Do you know where in Maryland? Or how far from DC? I have a friend who lived in Maryland for a while, so could ask her for areas to look etc?
Just FYI - traffic in the DC area can be really really awful, just as bad in some ways as London traffic. (Sometimes took H 45 mins to drive 5 miles home on an B type road).
Hey Ted- currently in Maryland as a trailing spouse. If you want to drop me a PM I'm happy to chat you through the details/take you for coffee when you land
def ask for as much holiday as possible, make sure they will either ship everything you want to have shipped or give you a very good amount of money to buy stuff new, health insurance as above, rent paid in an apartment for 60days while you find somewhere to live, same deal with a hire car, repatriation details (if he's on a H1-B then I think they legally would have to repatriate you anyway), filing for green cards as soon as you land (you might not think you'll be here for long, but sometimes it only takes 12-18months to get the green card and you won't be allowed to work on a H4 spousal visa, if this matters to you)...we got all the above, but wish we'd also been given use of an accountant especially in the transitional years, also we asked for flights home yearly and were told they couldn't do that but did give us flights the first 2 years. Always worth asking!

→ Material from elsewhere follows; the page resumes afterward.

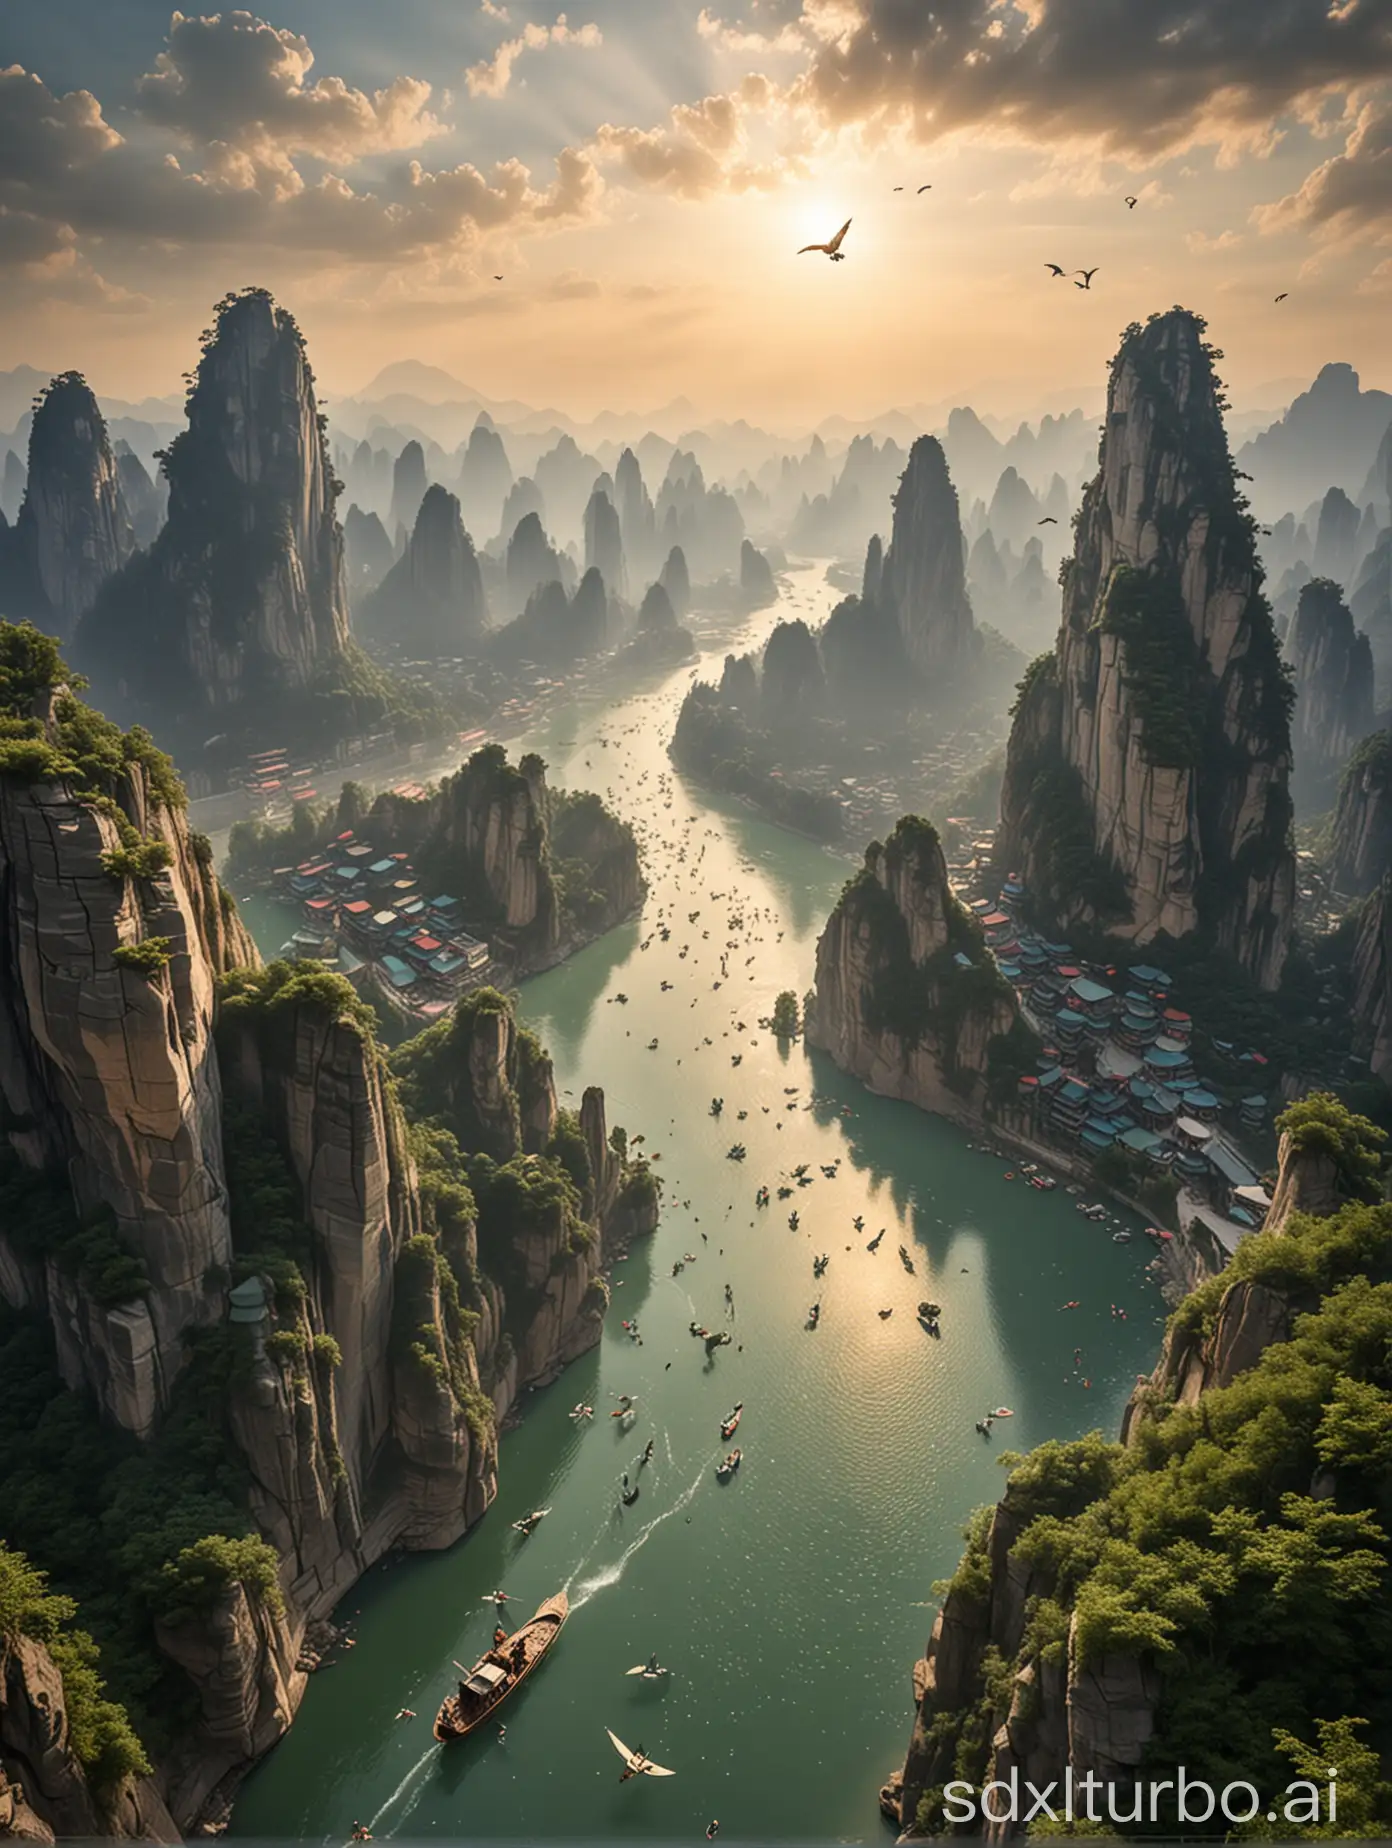 China's modern cities are full of fairy energy, with mountains and rivers, and people flying in the sky

The art of successful negotiations is to put more on the table than you are willing to accept. Ask for flights for the family twice a year and an allowance for costs while you visit. We drop serious money on trips back to Europe even though they pay our flights. Car rental and accommodation for two weeks for a family of 5 comes to about $6k for us in a good year. During the summer it's a lot closer to $10k.
Also echoing those highlighting the cost of living.
DH was offered three different relocations to the US over the last couple of years and after the initial excitement our enthusiasm evaporated when we totted up how much worse off we would be. It has made me appreciate what we have here. I would have loved to go for a little while though. Hopefully your offer is much more generous than ours were!
An opportunity and adventure not many people get a chance at. Good luck.
I moved to the east coast (maine) 5 years ago.
I had a couple of rocky years but now love it. I think ds will have opportunities here he'd never get at home.
I also moved to Maine 3 years ago, we love it here. We find it a lovely place to raise a family.